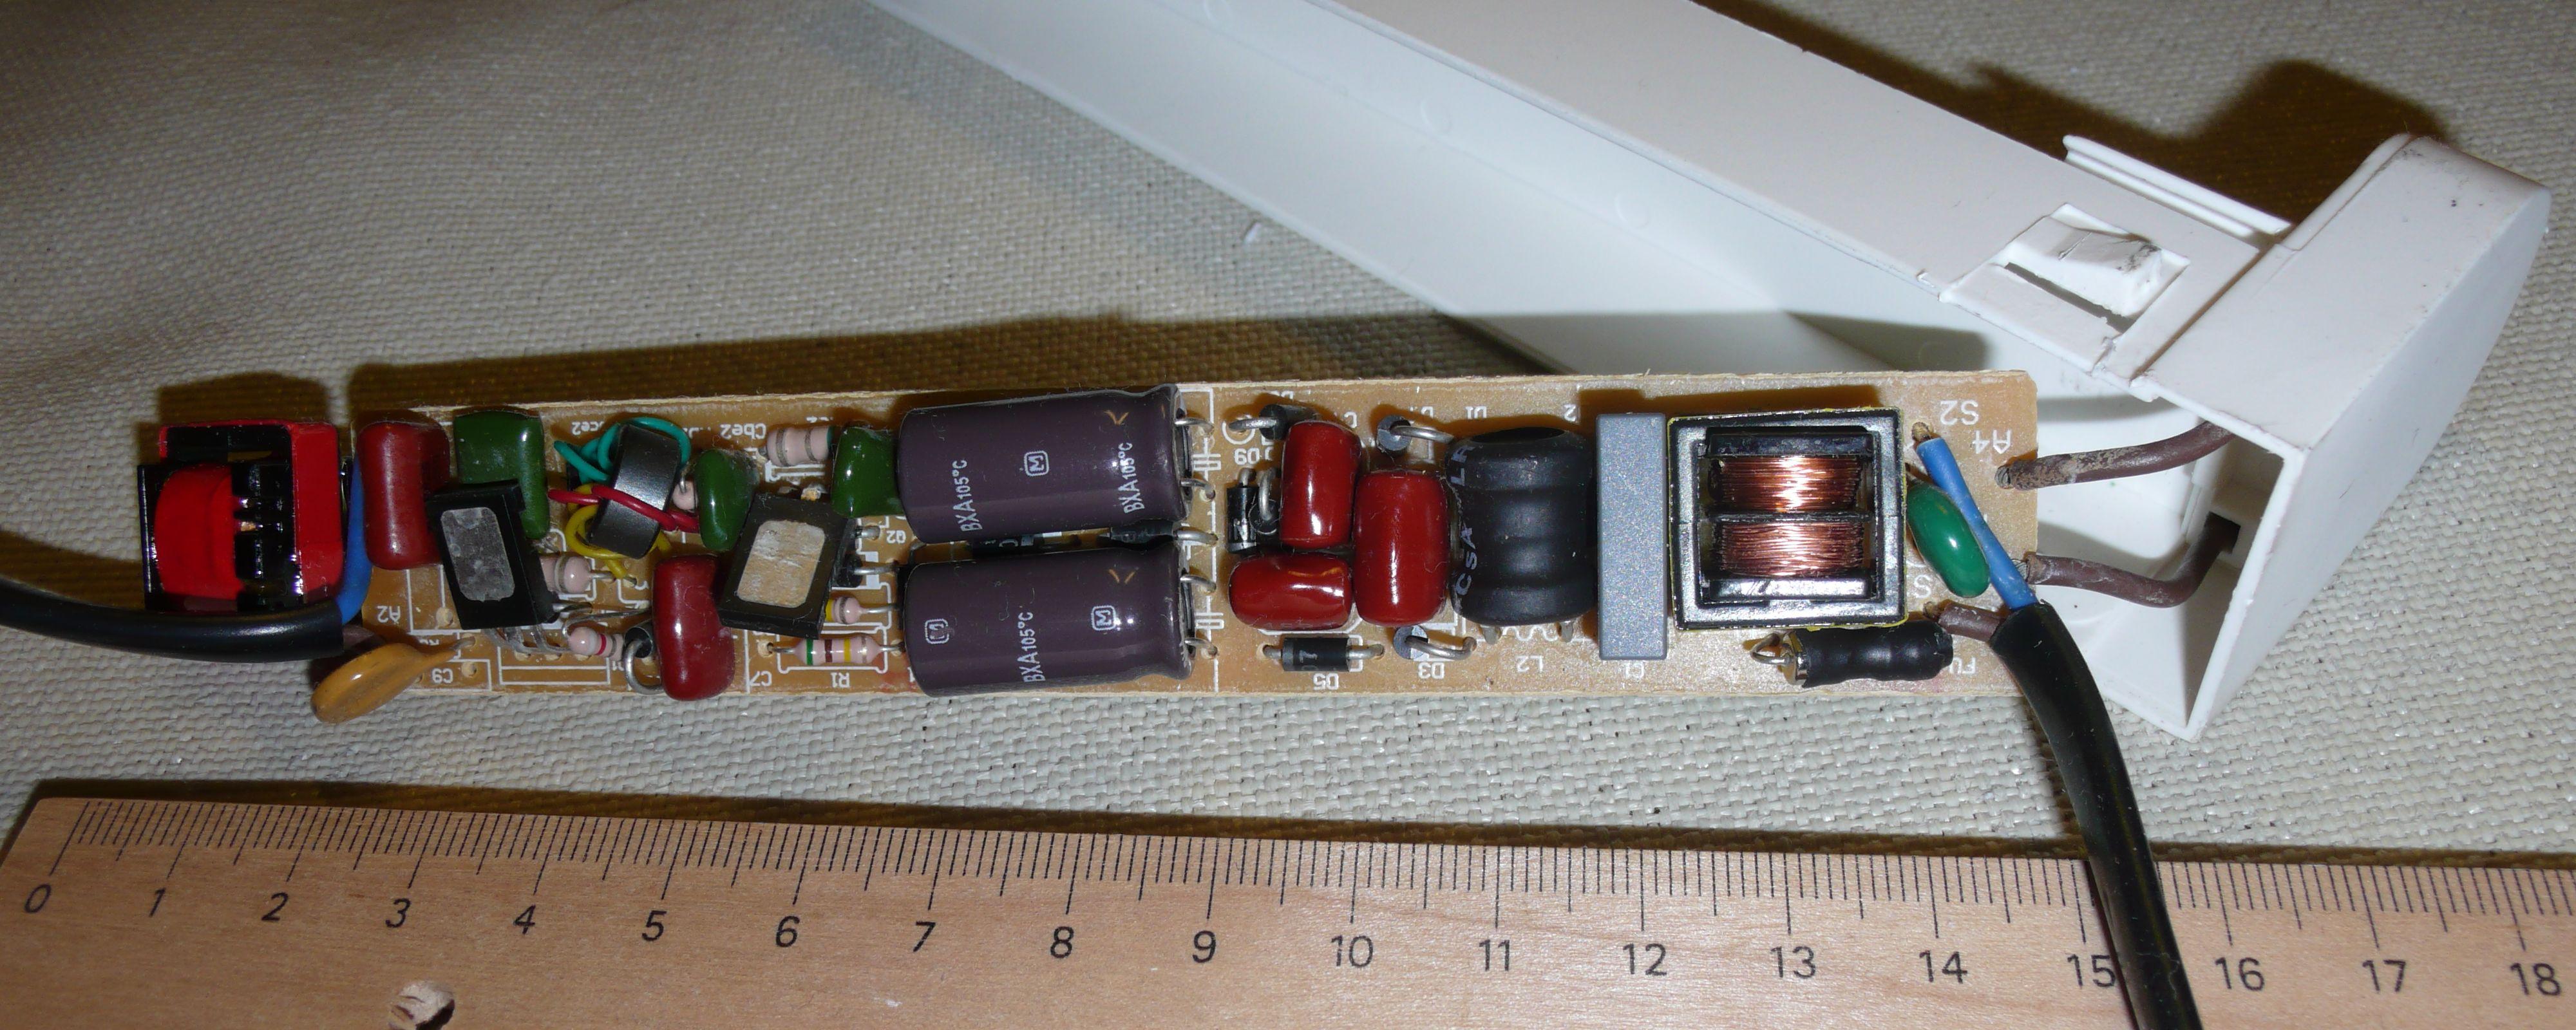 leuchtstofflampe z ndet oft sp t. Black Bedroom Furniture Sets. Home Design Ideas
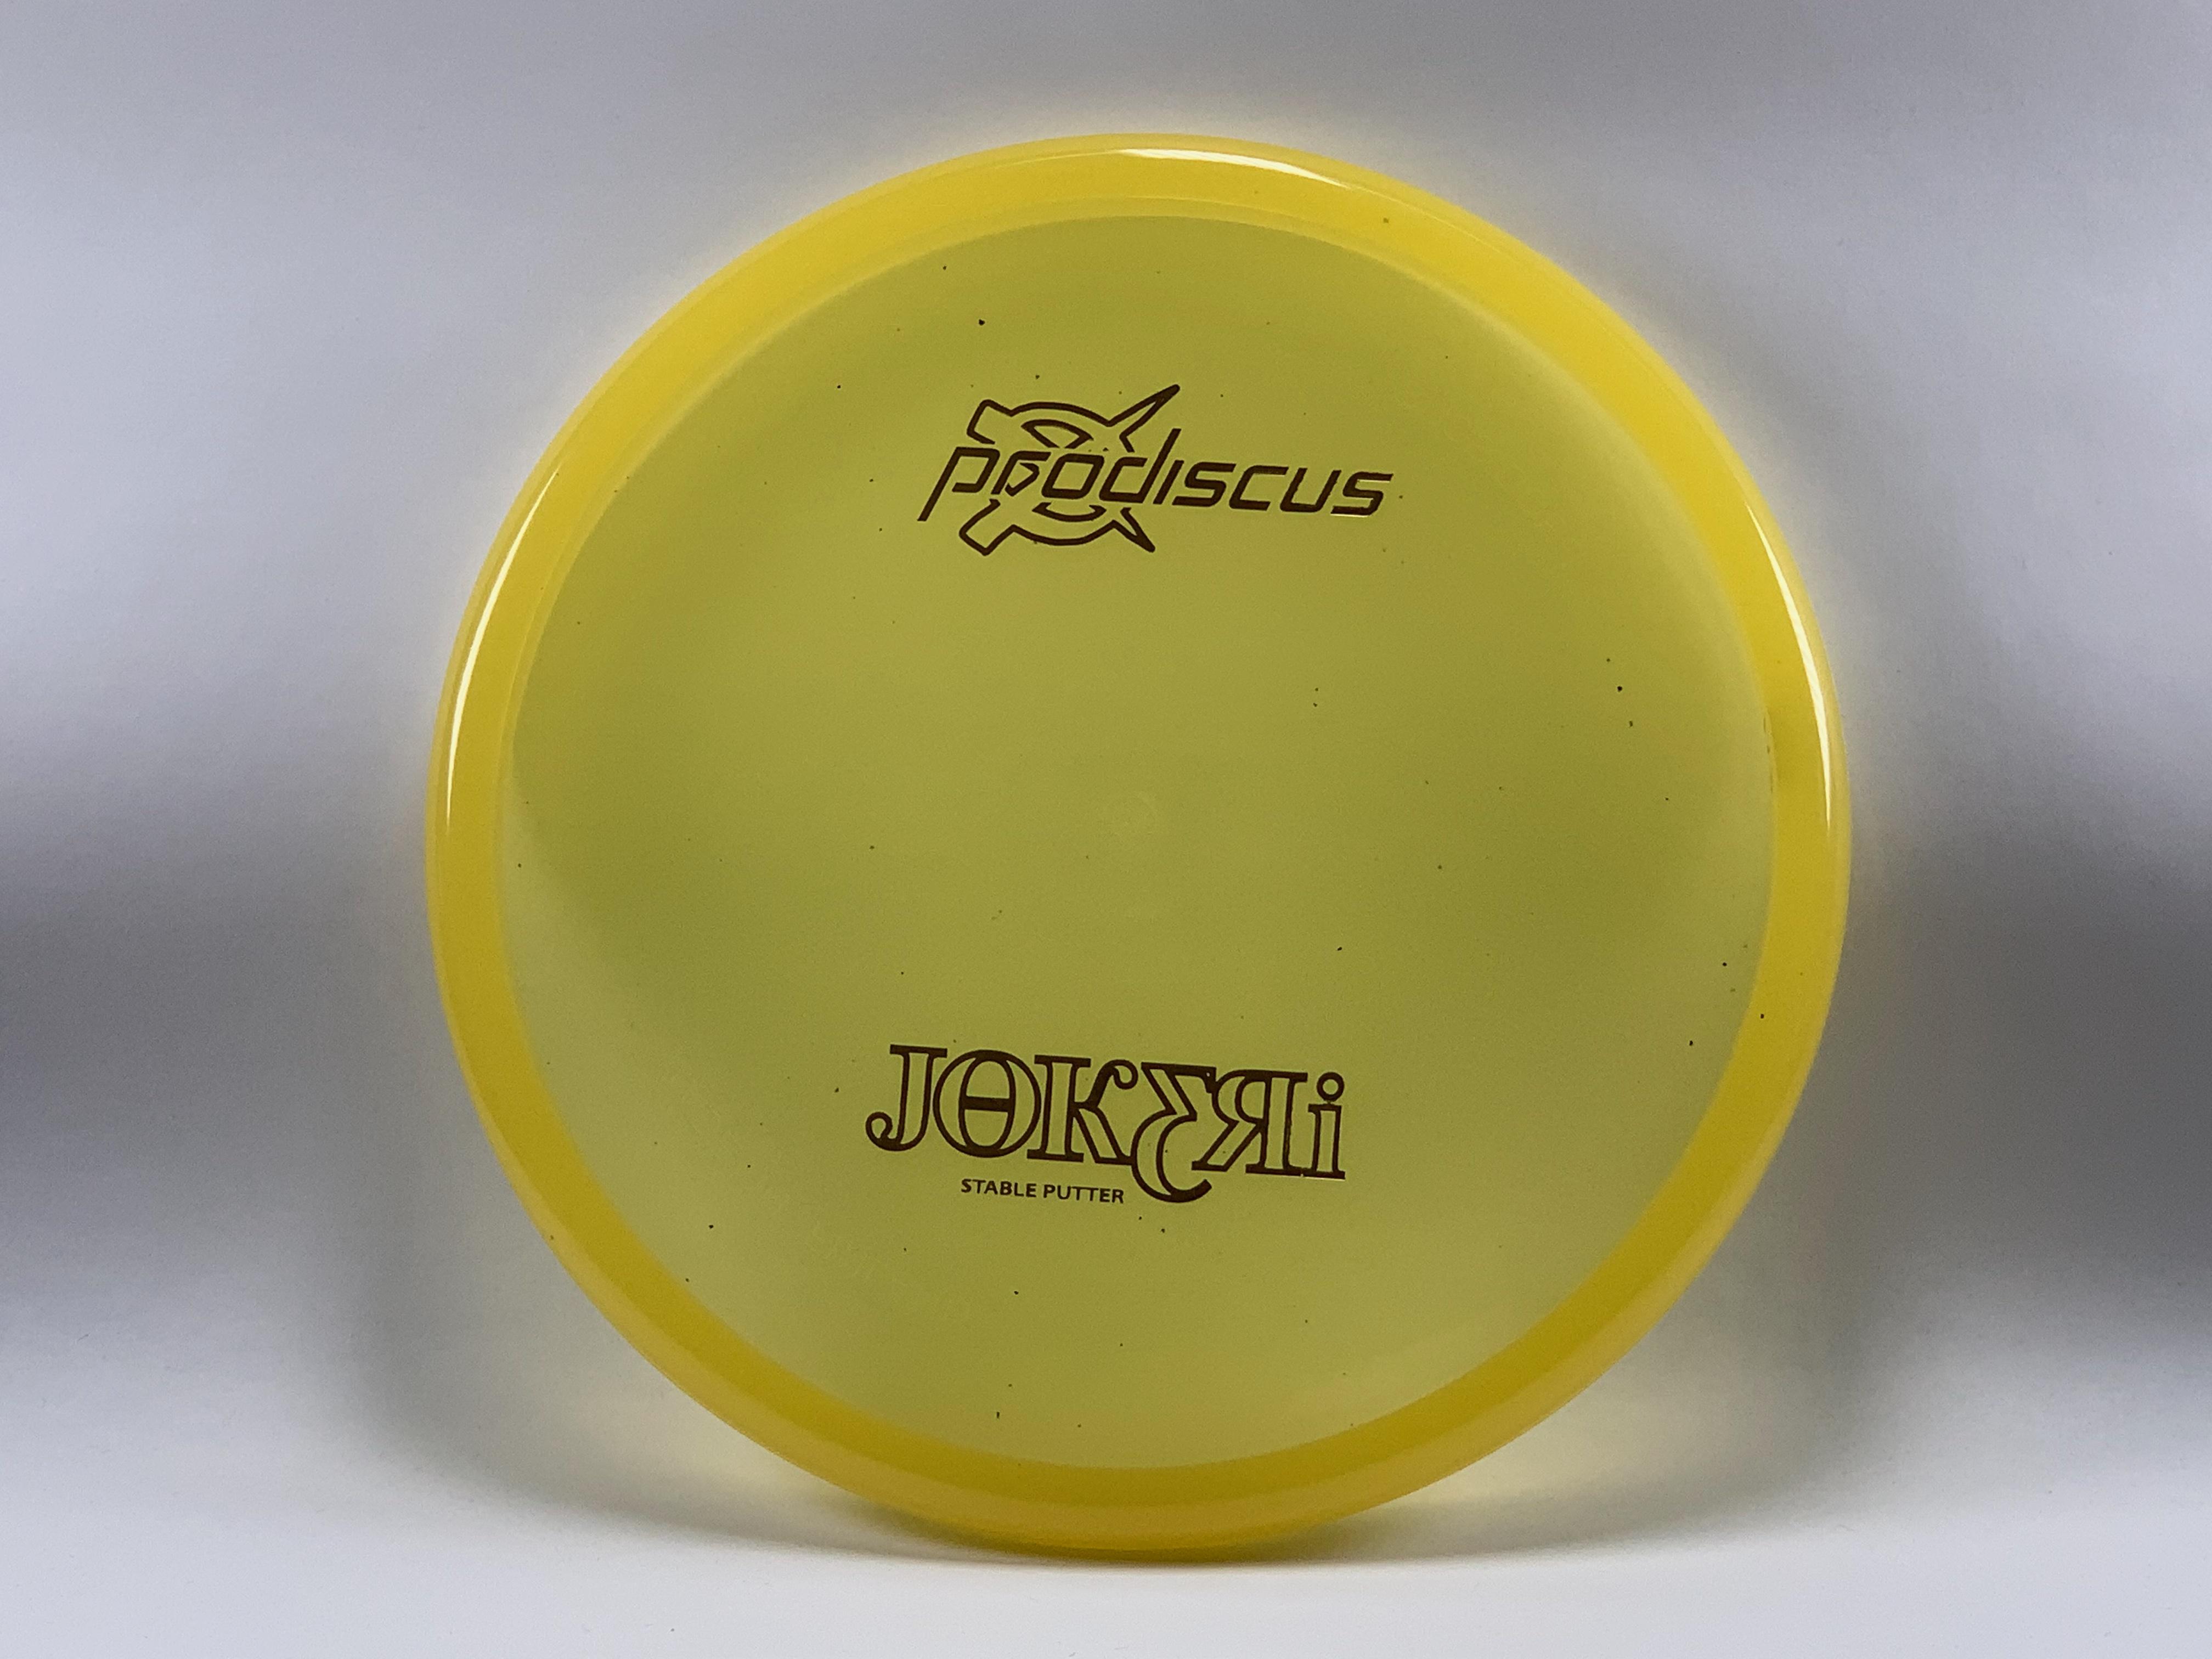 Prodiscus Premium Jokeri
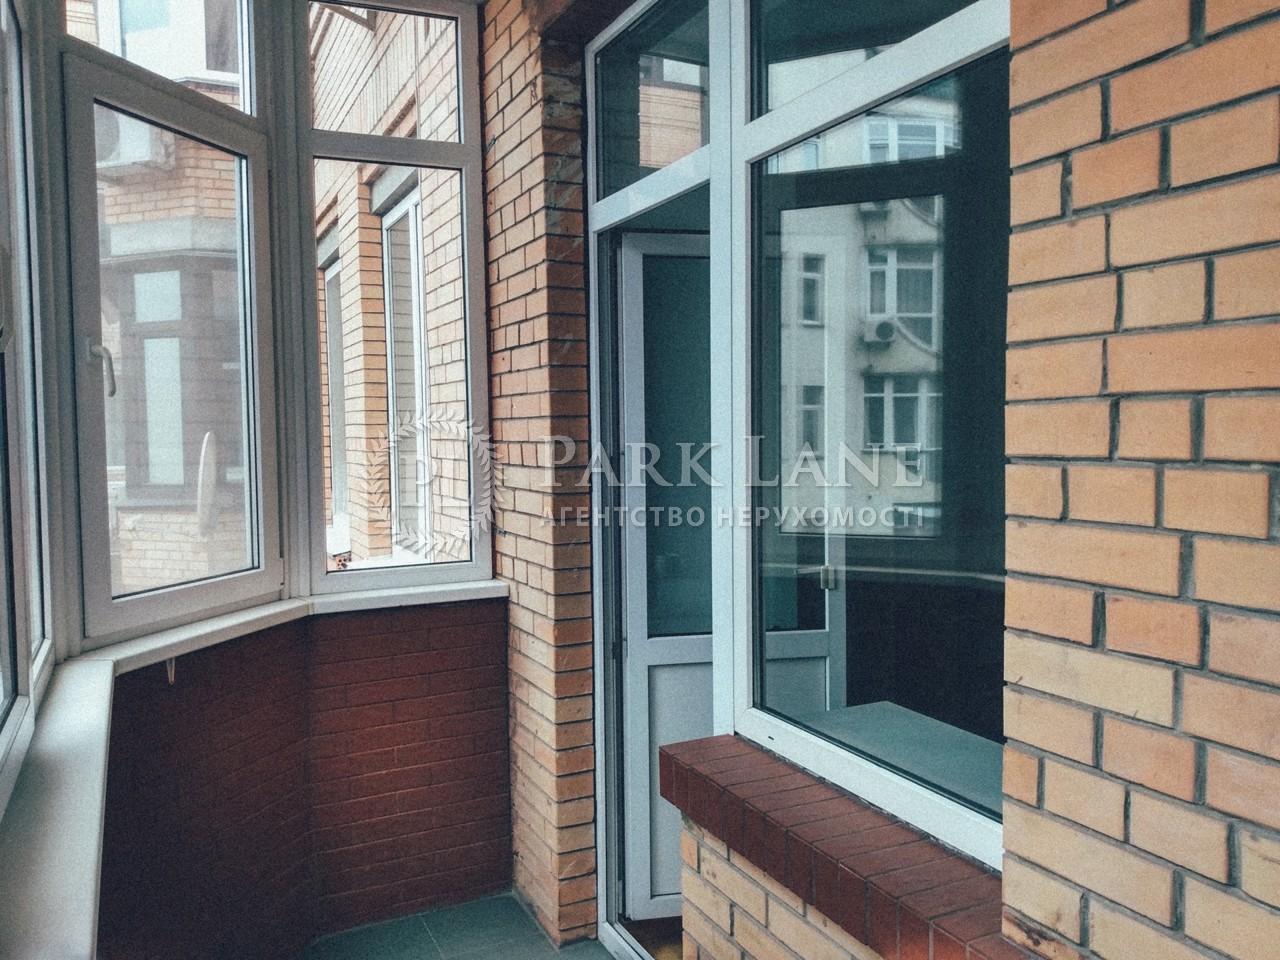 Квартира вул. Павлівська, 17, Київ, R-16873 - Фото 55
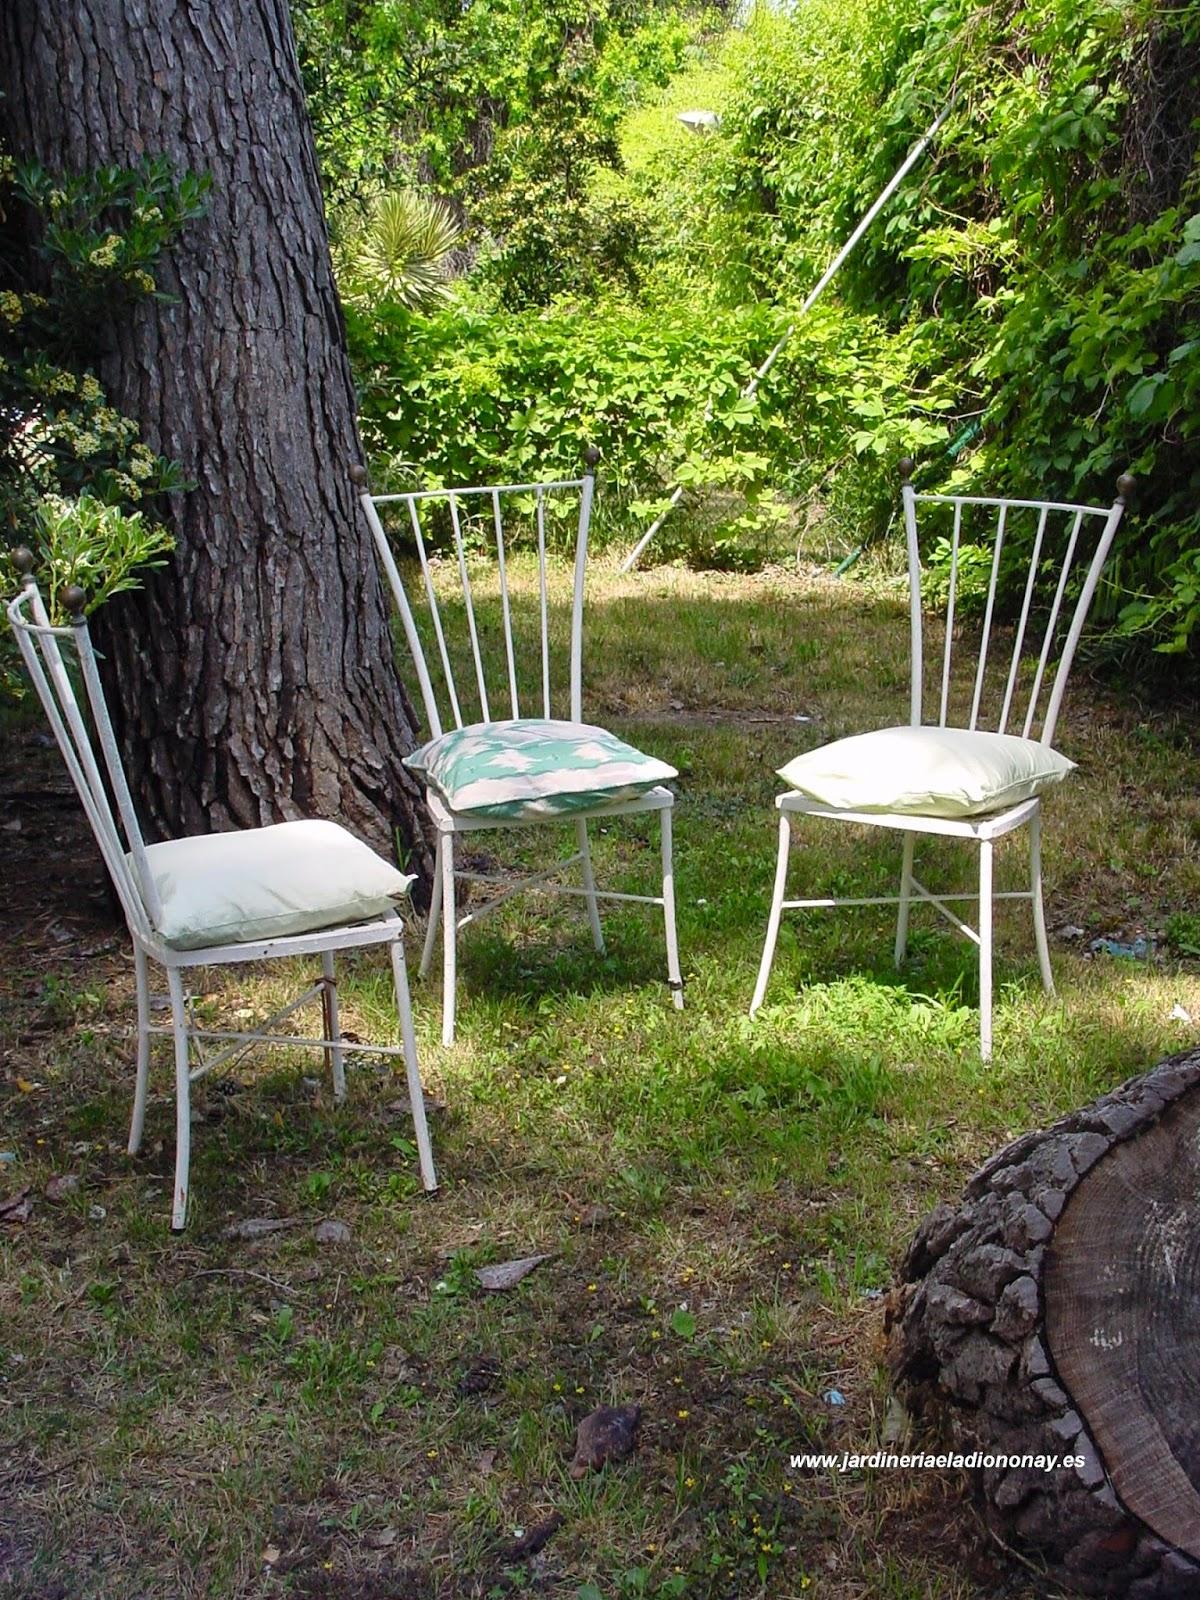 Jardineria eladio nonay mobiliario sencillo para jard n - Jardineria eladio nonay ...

****************

## What you are asked to do
Make an exact copy of the lines from the one holding "Prodiscus Premium Jokeri" through the end of the material, both ends included, and keep the pictures out of it.

## Reply
 Prodiscus Premium Jokeri
 Квартира вул. Павлівська, 17, Київ, R-16873 - Фото 55
 Jardineria eladio nonay mobiliario sencillo para jard n - Jardineria eladio nonay ...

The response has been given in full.